A cap mitigates the bounce problem 'cuz I think I can temporarily
change the in to an out and slam it to the rail. I have not yet
counted the electrons required to do that tho...

A SPDT switch solves both problems, but that's NOT the question.
The switch is SPST.

IF I had a lot of switches, waking the processor and polling
is probably cheaper trading cpu current for pullup current.
I'd like to have options.
Yes, I'll have to make mix/match tradeoffs for a total system.
At this point I'm looking at options for only ONE part: the switch.

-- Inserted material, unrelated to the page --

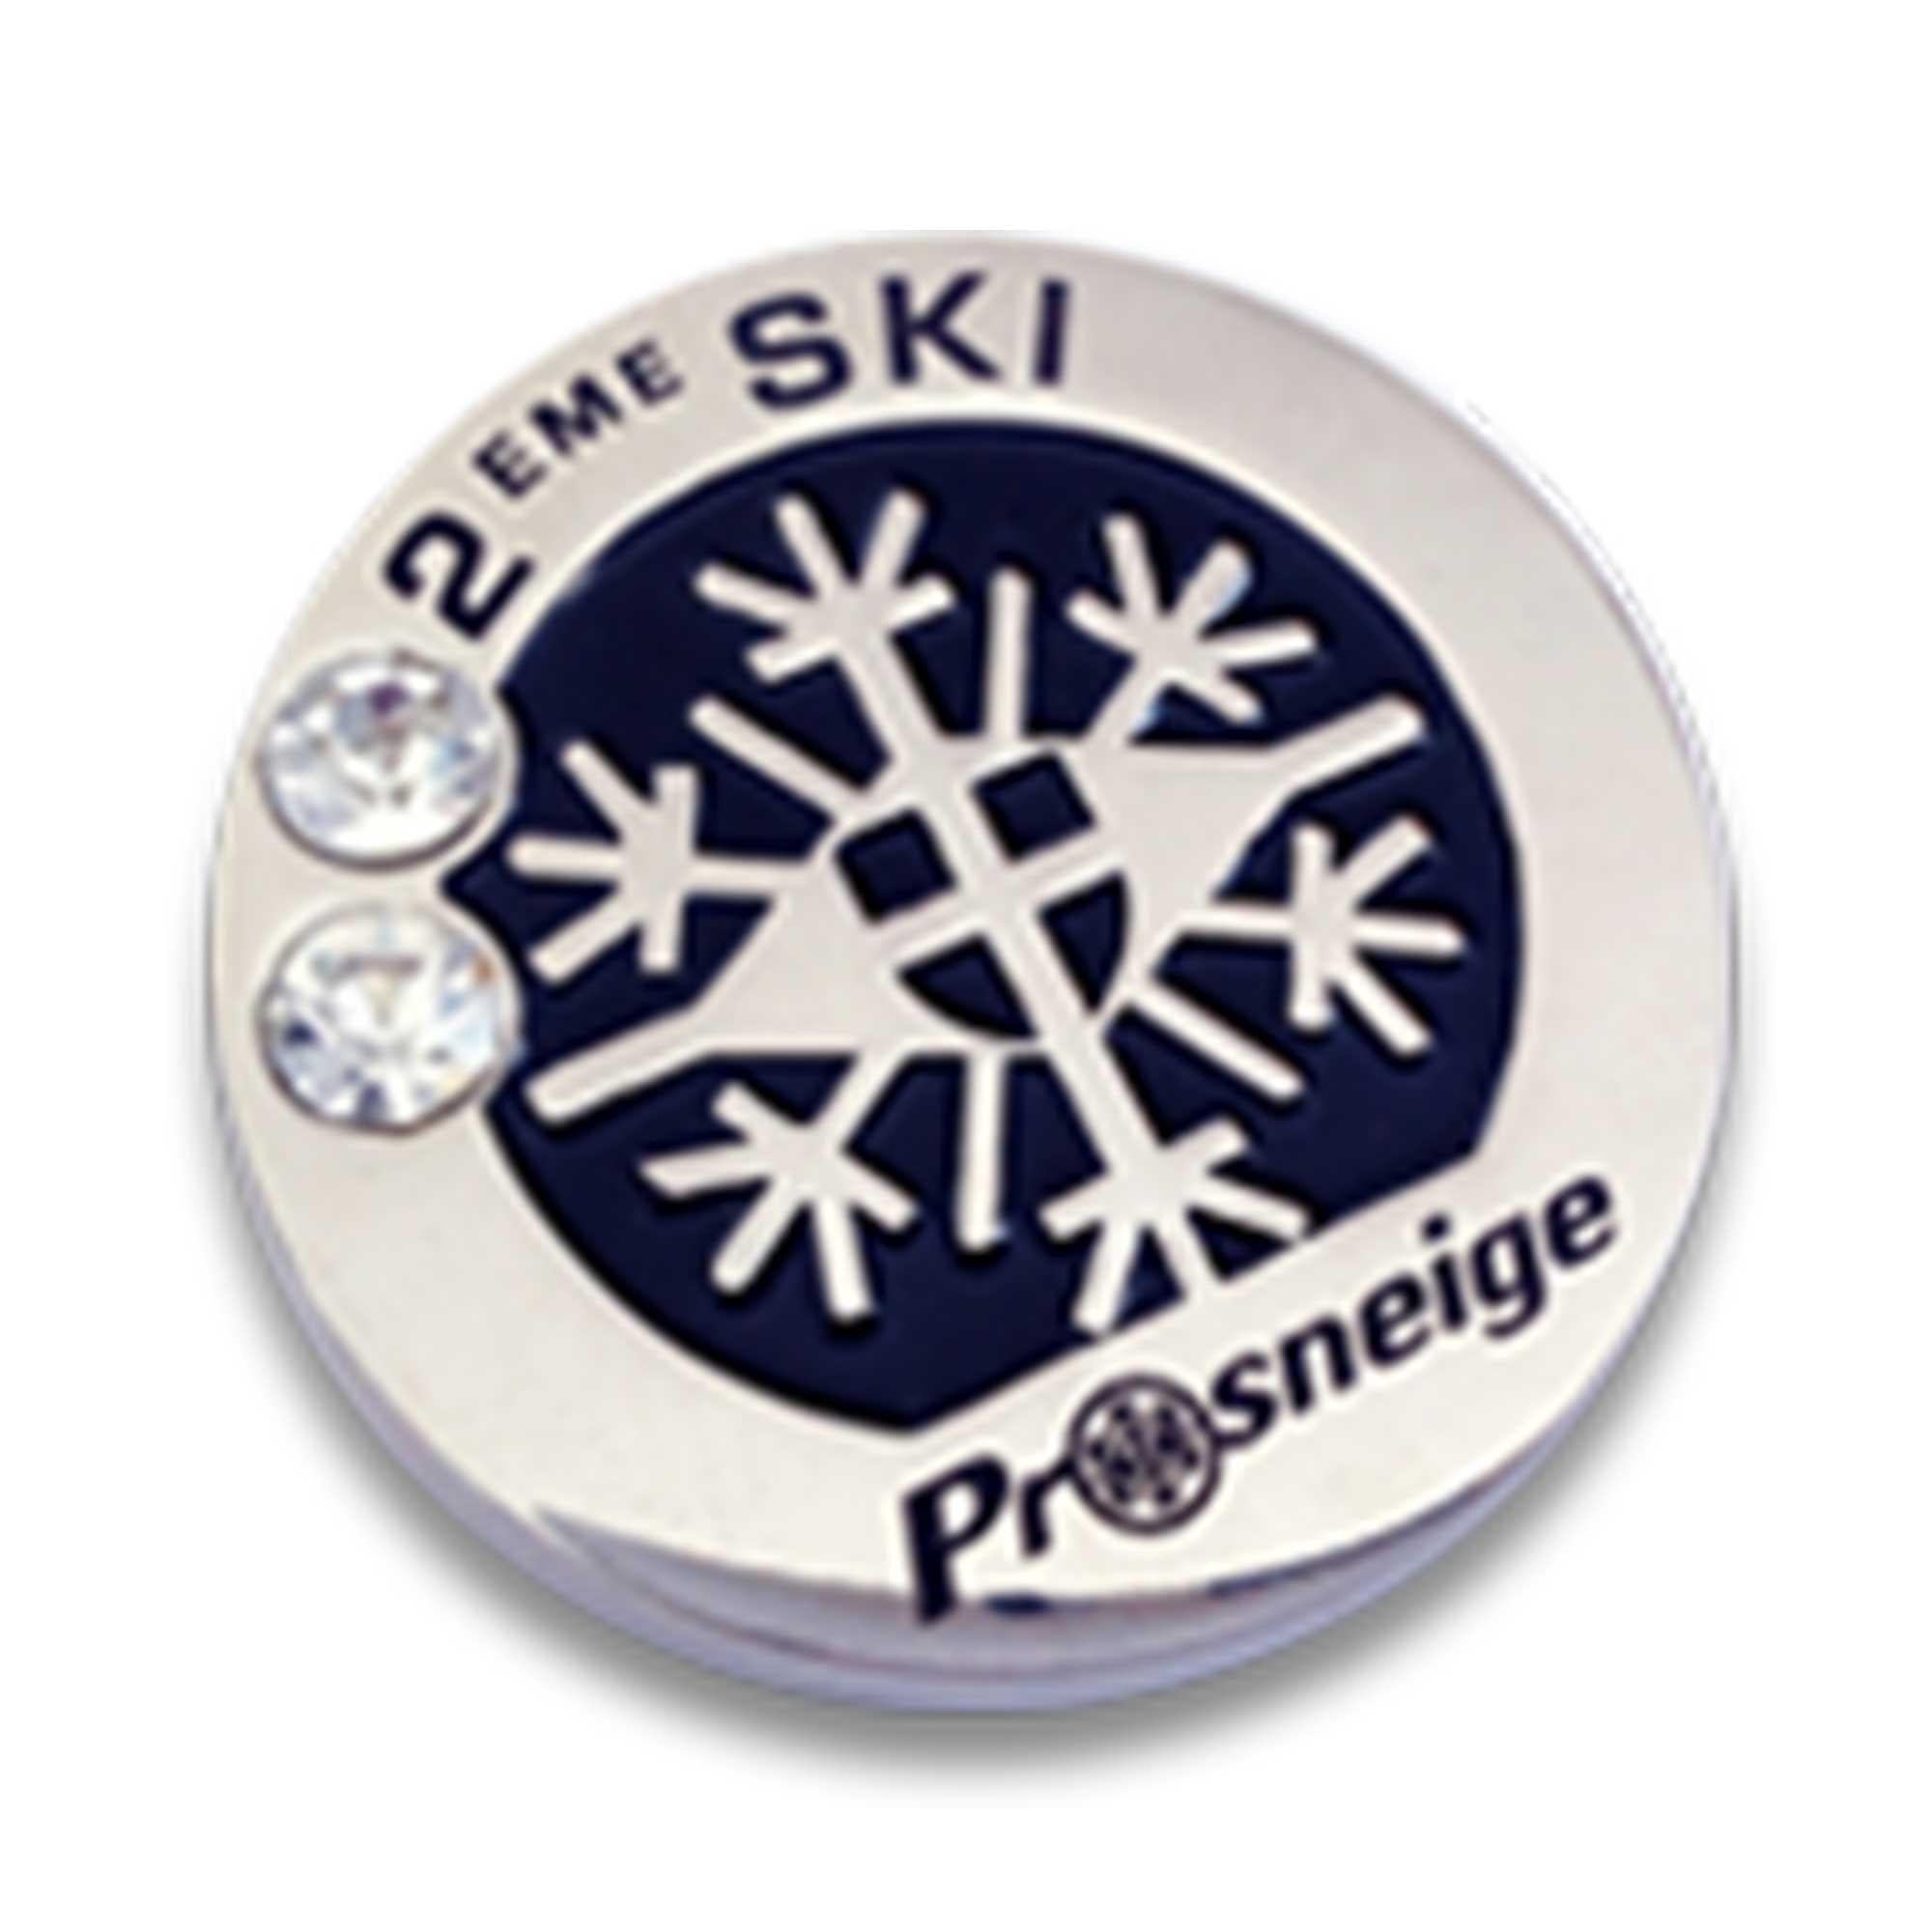 Quel niveau choisir enfant 2eme ski
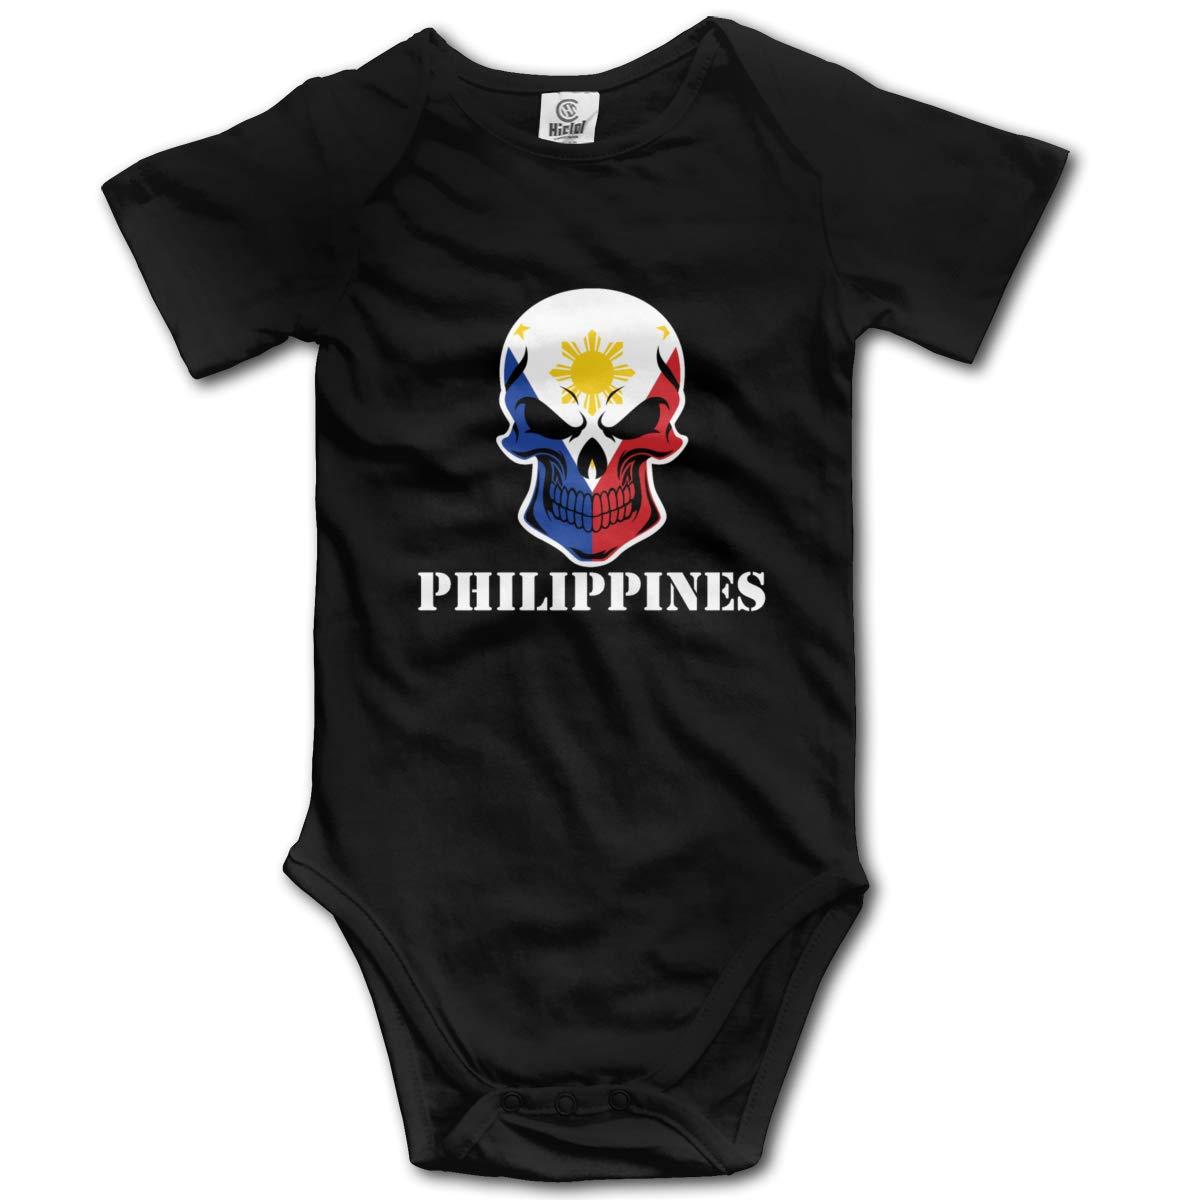 FOECBIR Philippines Skull Baby Boys Girls Jumpsuit Short-Sleeve Romper Bodysuit

In the interest of focusing input...
I'm NOT interested in a discussion of replacing the switch.
I'm NOT interested in a global system discussion that doesn't directly
solve this specific problem.
I'm NOT interested in discussing WHY. I'm interested in learning HOW.
If you're gonna tell me to google it, at least tell me the search terms
that you used to find the answer. Mine didn't.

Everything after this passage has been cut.